In print, that point can sound like an “issue.” In audio, it sounds like a lived reality. Listening changes how it lands.
From there, we returned to planning. Custead made a comparison that is especially relevant for veterinarians: the way clinicians plan for anesthesia emergencies. Before a procedure, you plan the “what ifs,” even if you hope they never occur. She argued that the same mindset should apply to personal and business continuity. If something happens, who is called first? Who can access resources? Who can make decisions? And, for practice owners, who can run payroll and communicate with clients?
She described what it looks like when contingency plans don’t exist. As an oncologist, she regularly coordinates with family veterinarians. Sometimes she simply cannot reach a practice — calls and emails go unanswered — and only later learns the veterinarian had a heart attack or another sudden event and the doors closed. Patients are told to find care elsewhere. In some communities, that means waiting months. In oncology, where pets may be mid-protocol, delay can be catastrophic.

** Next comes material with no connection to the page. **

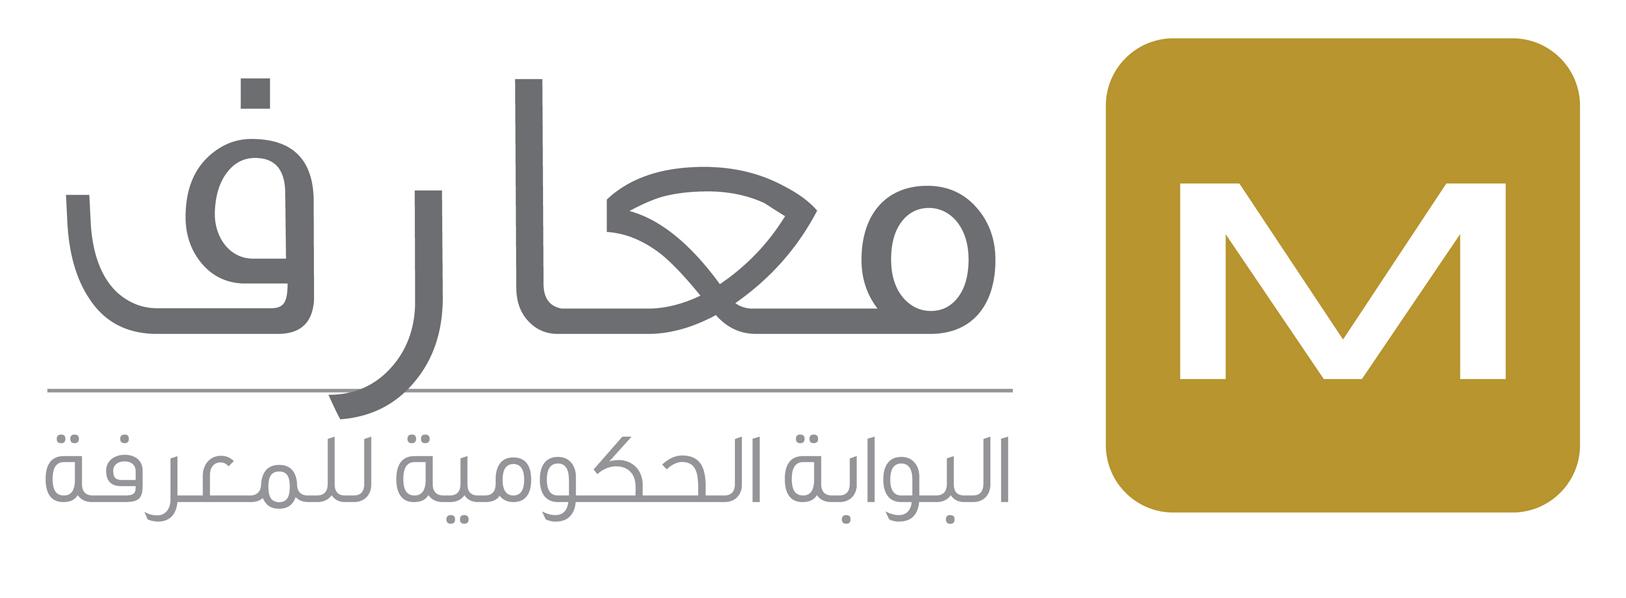 شعار معارف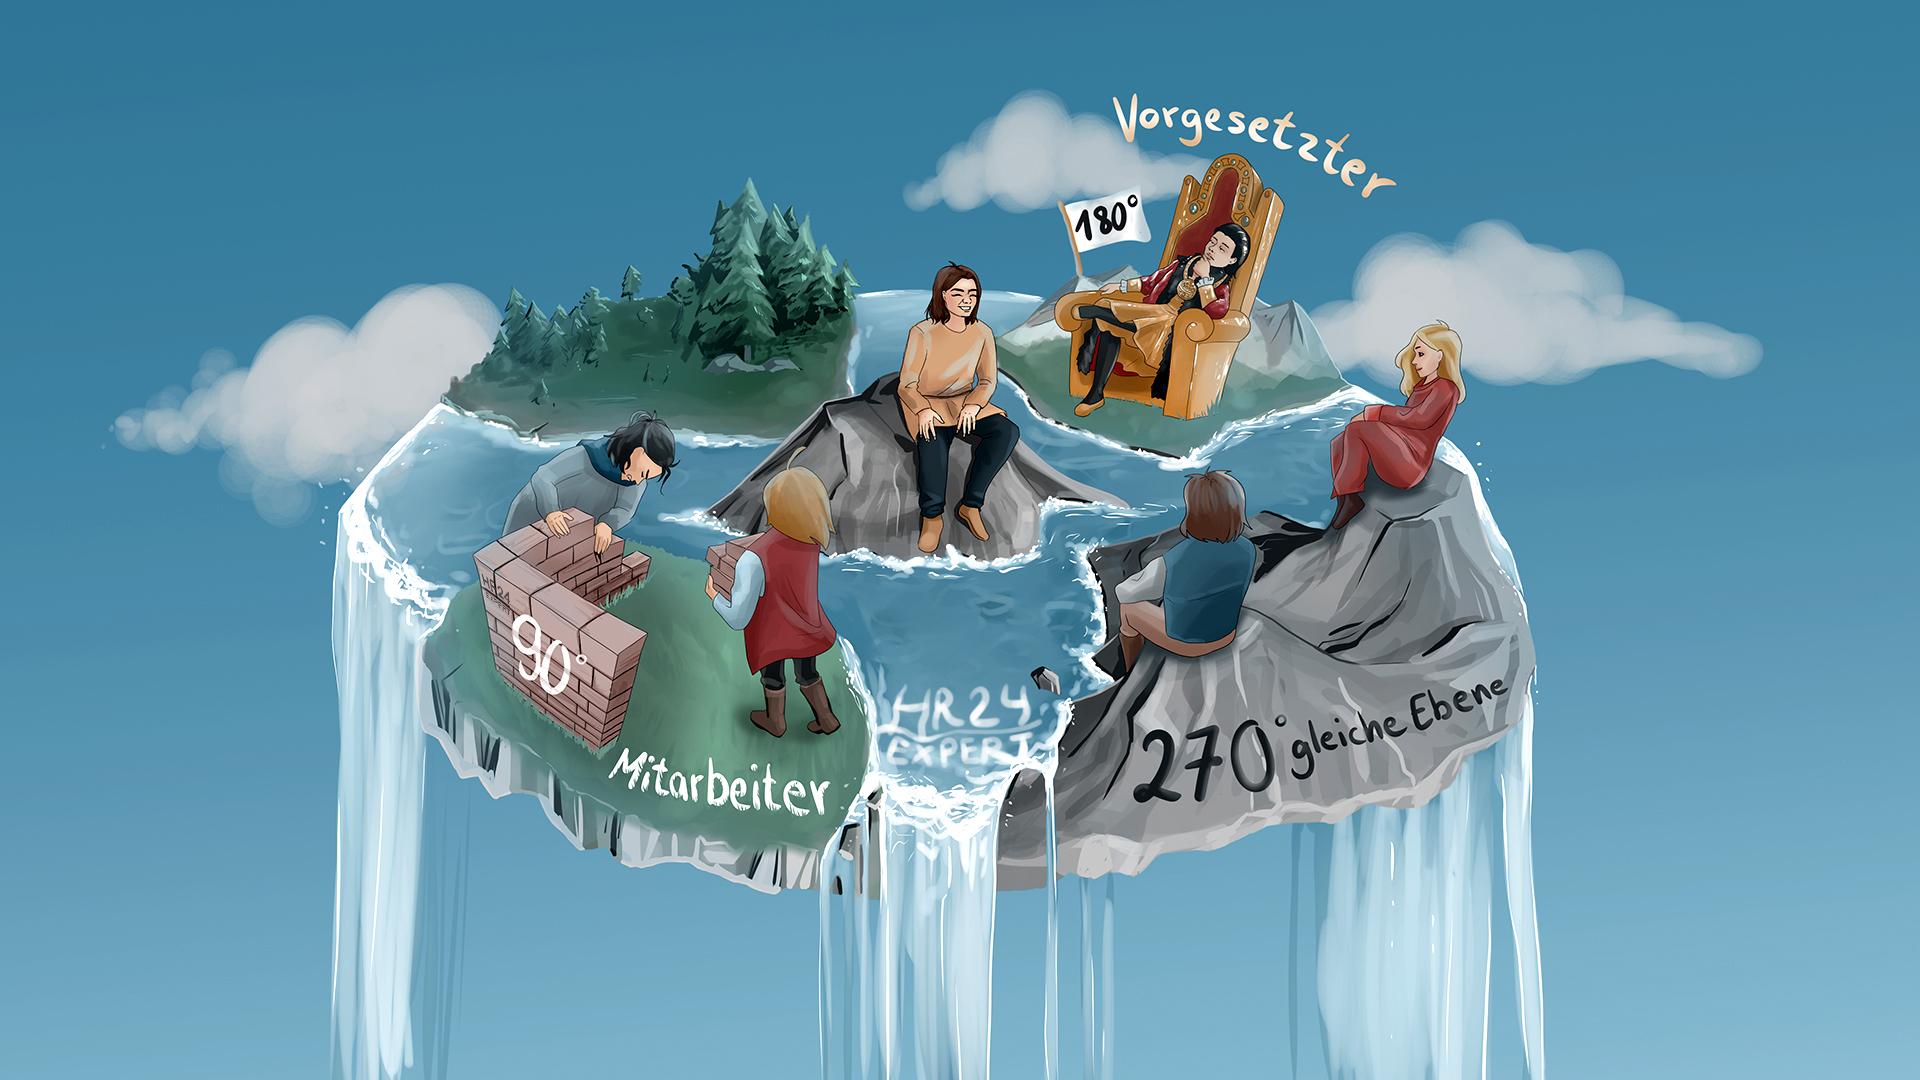 Feedbacknehmer, Mitarbeiter, Vorgesetzter und Kollegen auf gleicher Ebene sind am 270 Grad Feedback beteiligt.

The unsettling truth of the episode is not that disability insurance is complex. It’s that veterinary culture makes risk easy to postpone and hard to confront. It’s easier to buy liability coverage because the threat feels external and definable. It’s harder to plan for disability because it requires imagining your own interruption, your own impermanence, your own limits.
Custead’s most useful insight isn’t a checklist. It’s a reframing: disability planning isn’t about pessimism. It’s about respecting how quickly a normal day can become an operational crisis — for an individual veterinarian and for a practice.
The parts that linger most are the ones that are easy to skim past on the page: the tone when she describes the cat bite, the pause before she talks about suicide, the way she speaks about responsibility after becoming a business owner. If you want to understand how those risks actually feel inside the profession, you’ll get more from hearing her say it than from reading a summary of what she meant.